■ What the exercise asks: The result should be an exact copy of only the lines from the one holding "shot of the" through the last line of the data below, please, without pictures.

■ Recorded information:
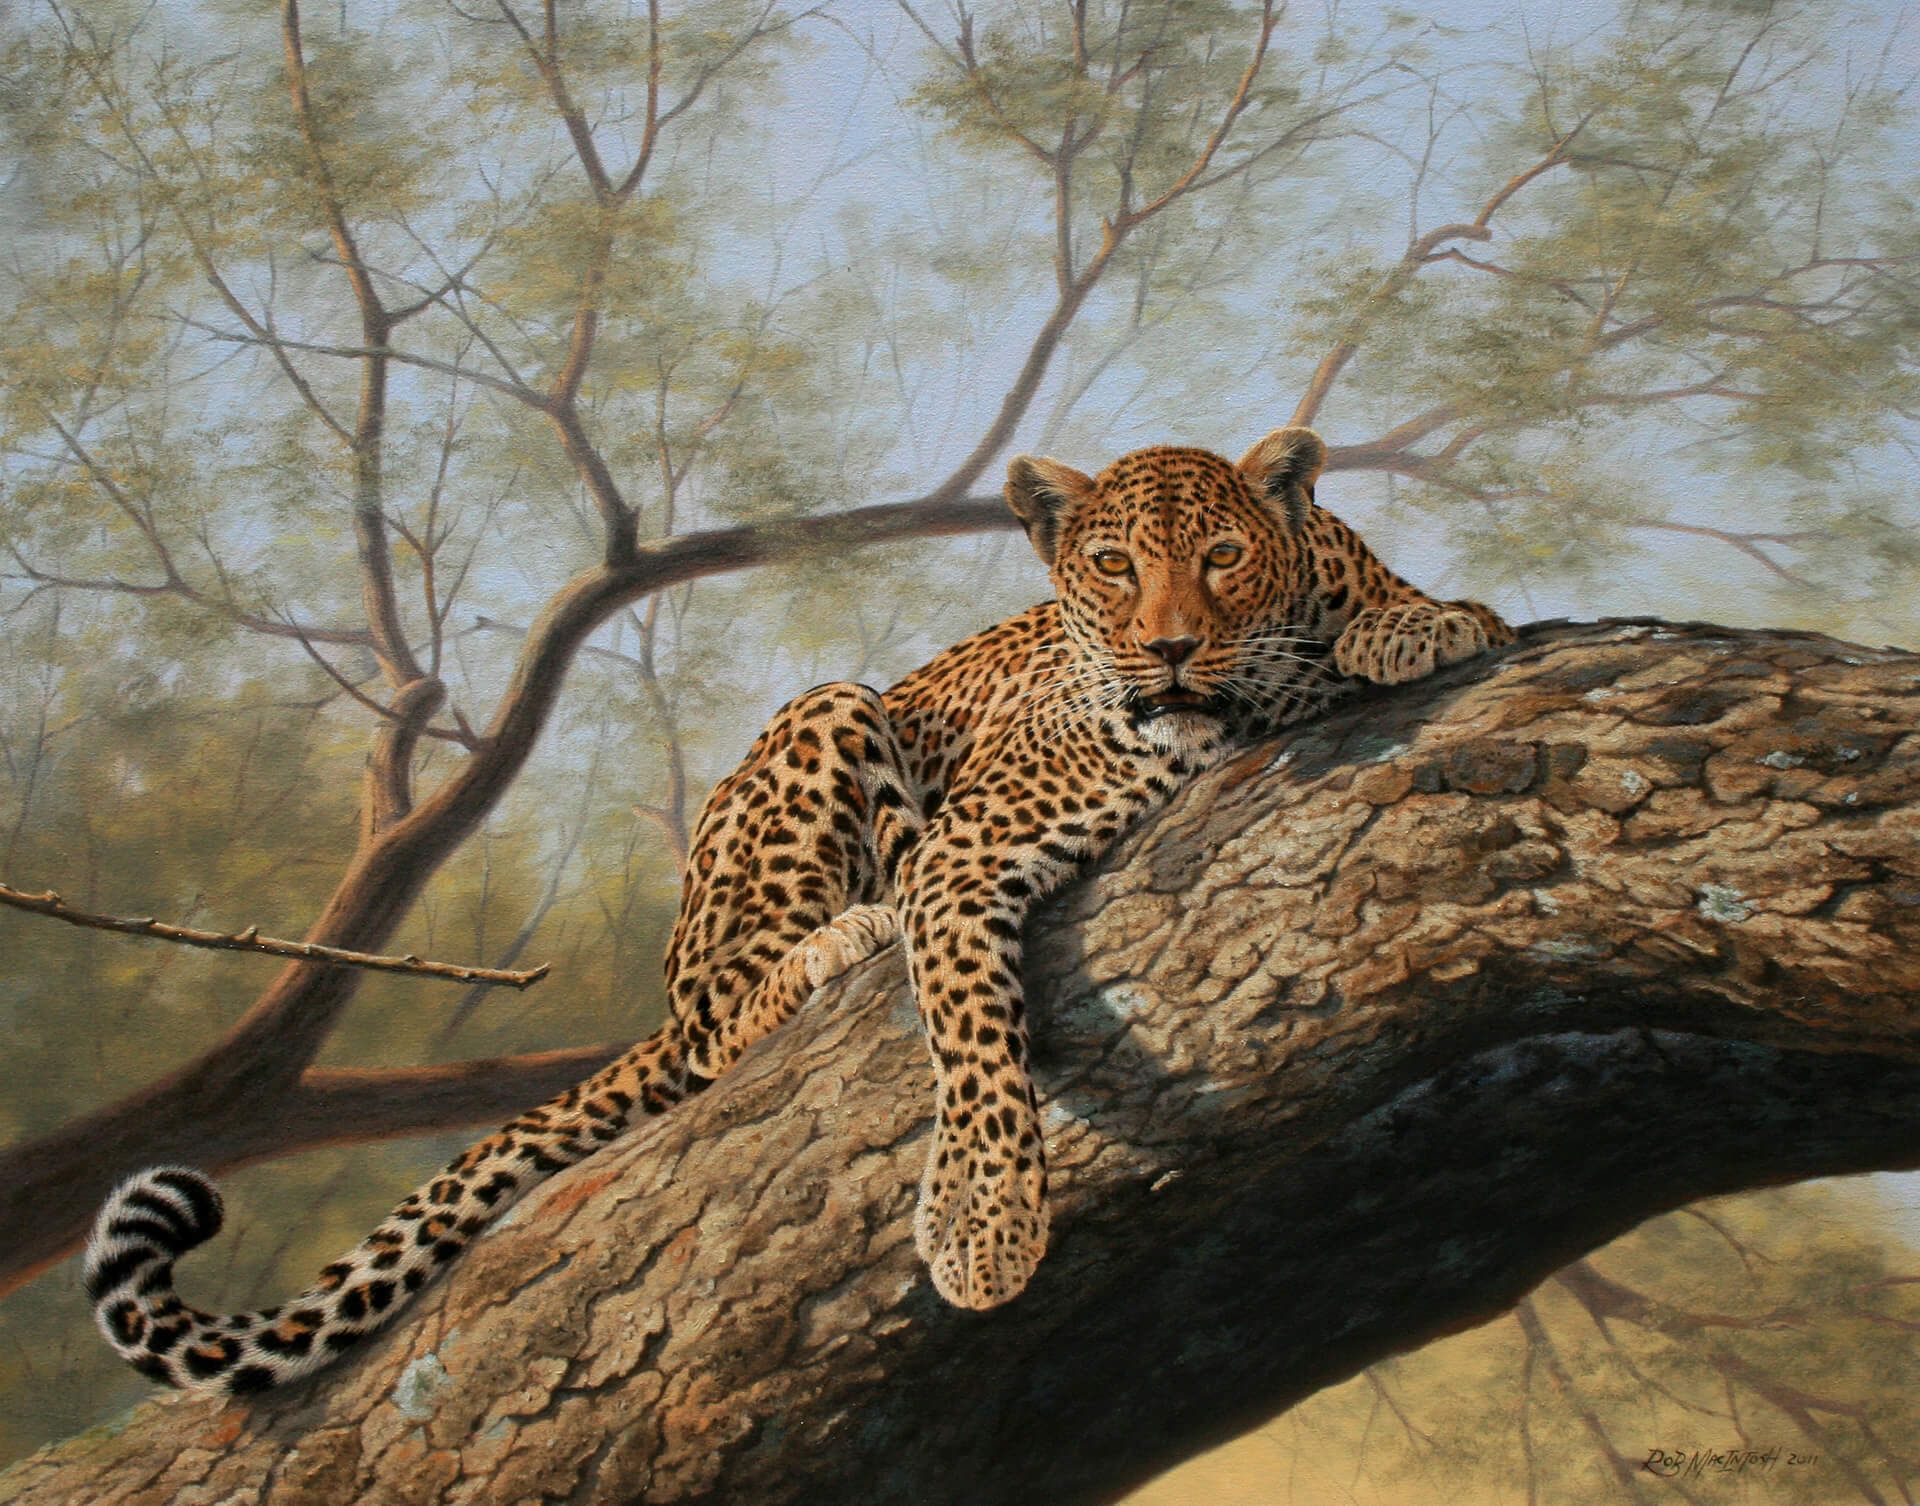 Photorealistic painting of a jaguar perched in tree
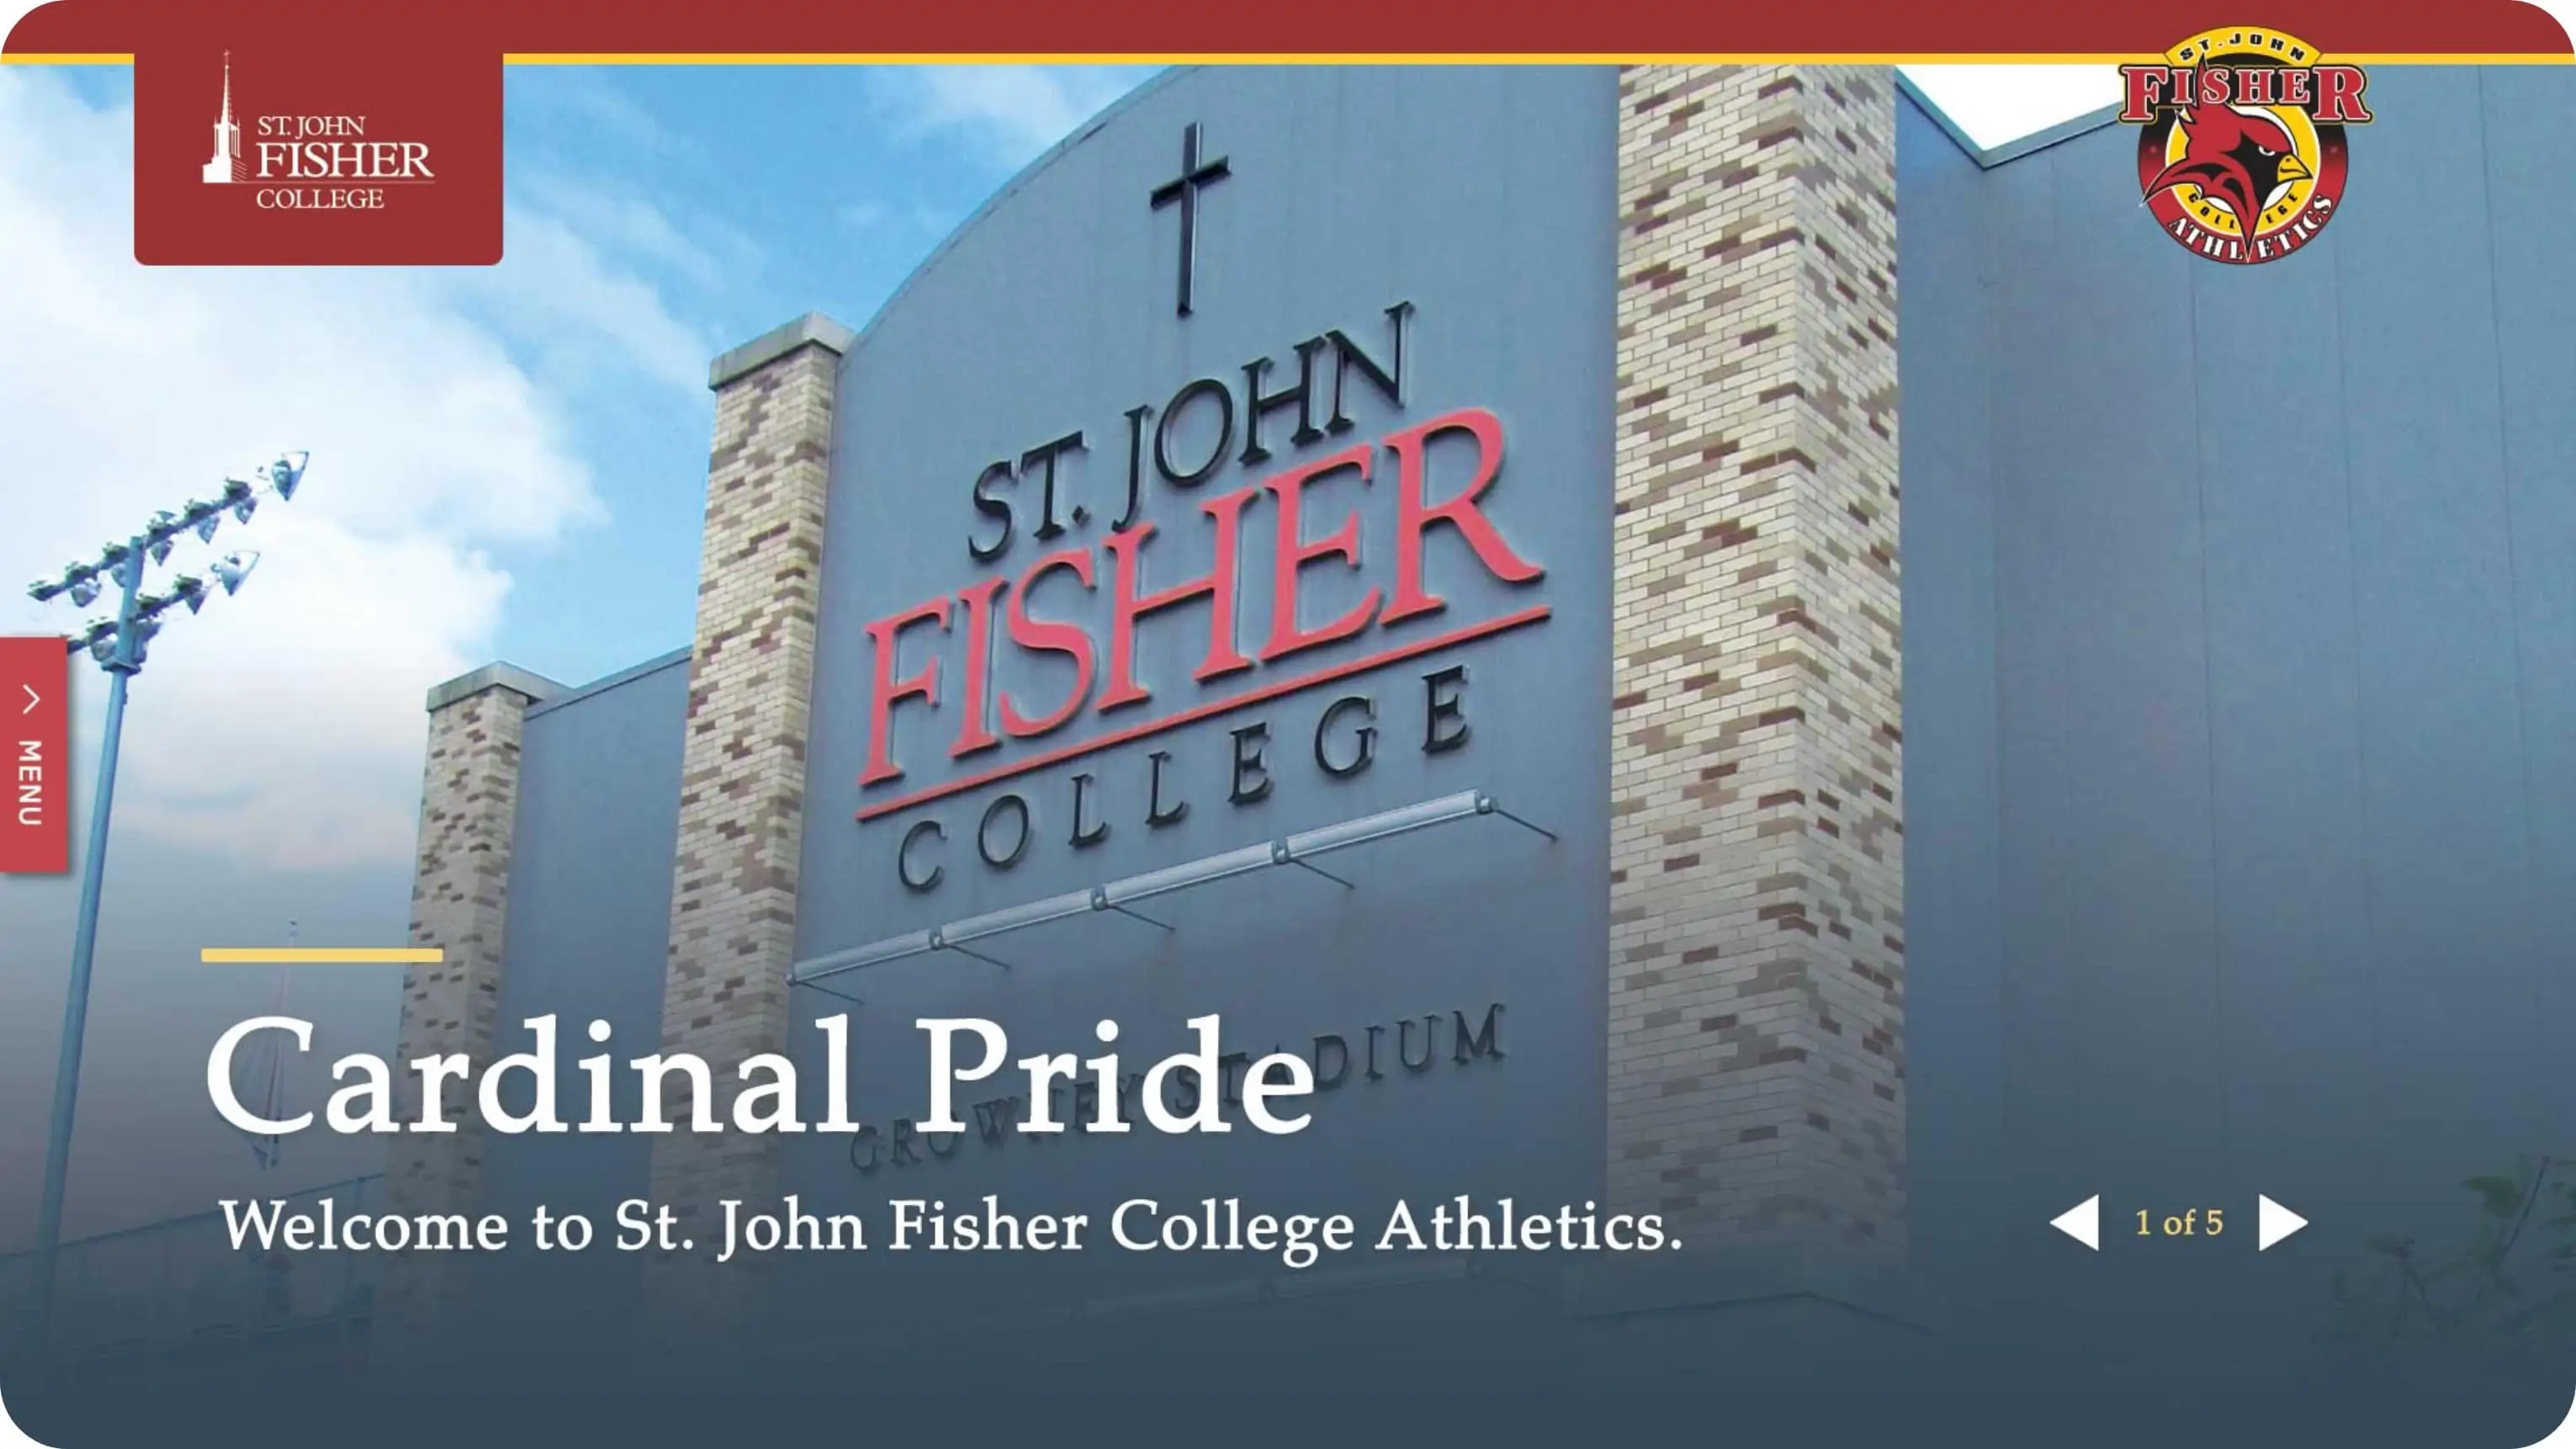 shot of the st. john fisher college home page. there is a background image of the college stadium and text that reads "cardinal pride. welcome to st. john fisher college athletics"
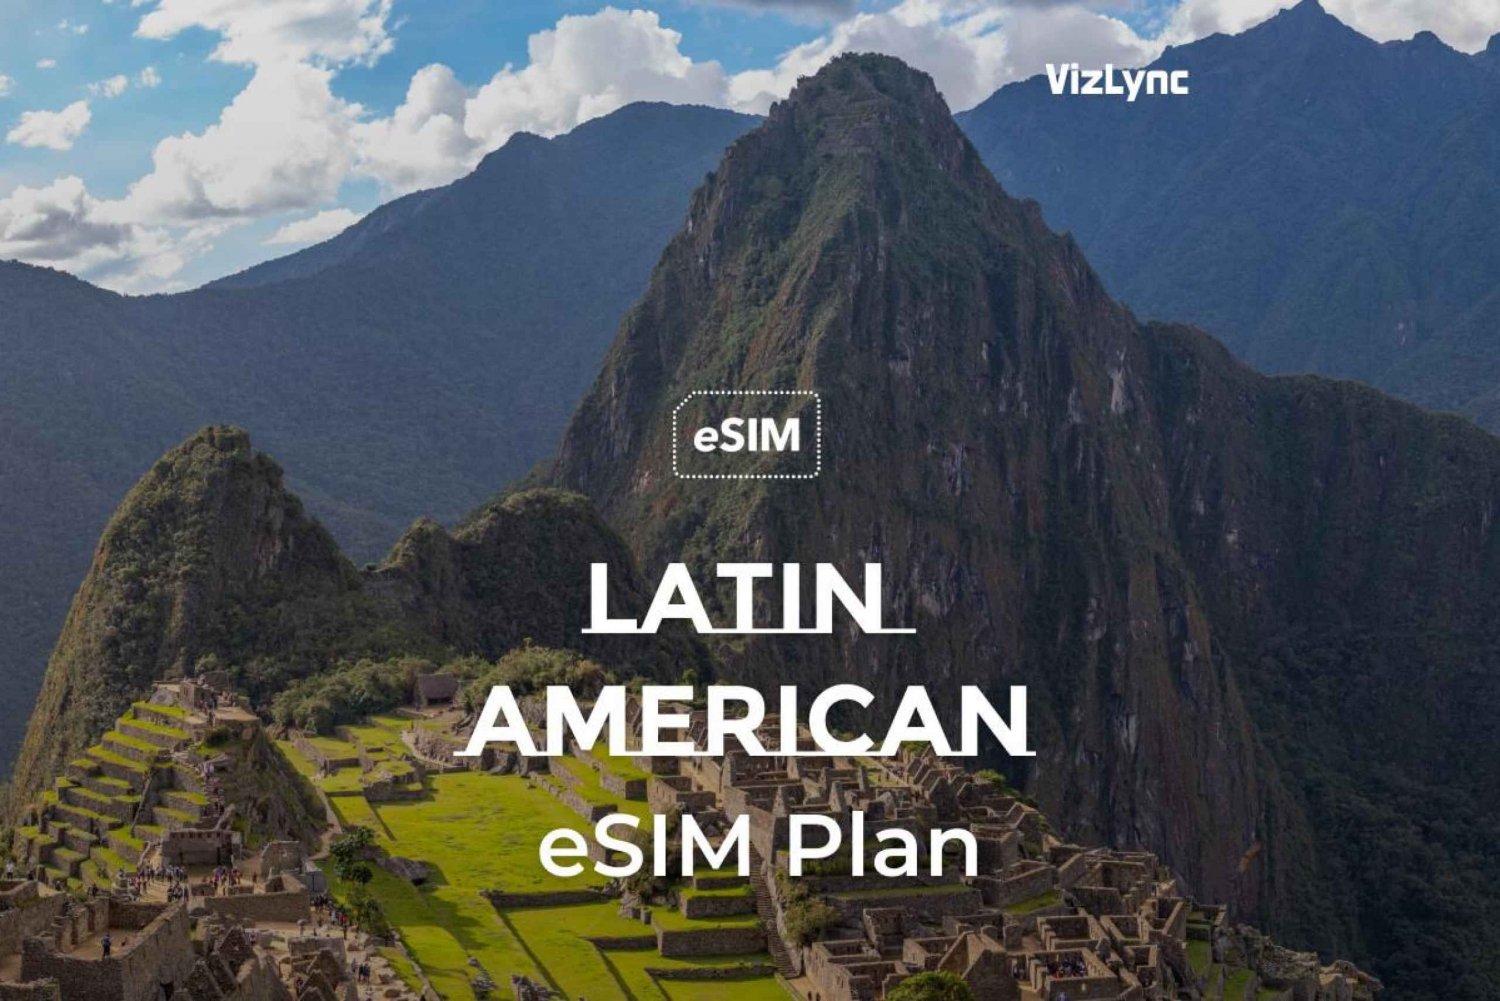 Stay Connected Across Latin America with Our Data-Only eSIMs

■ Result:
 shot of the st. john fisher college home page. there is a background image of the college stadium and text that reads "cardinal pride. welcome to st. john fisher college athletics"
 Stay Connected Across Latin America with Our Data-Only eSIMs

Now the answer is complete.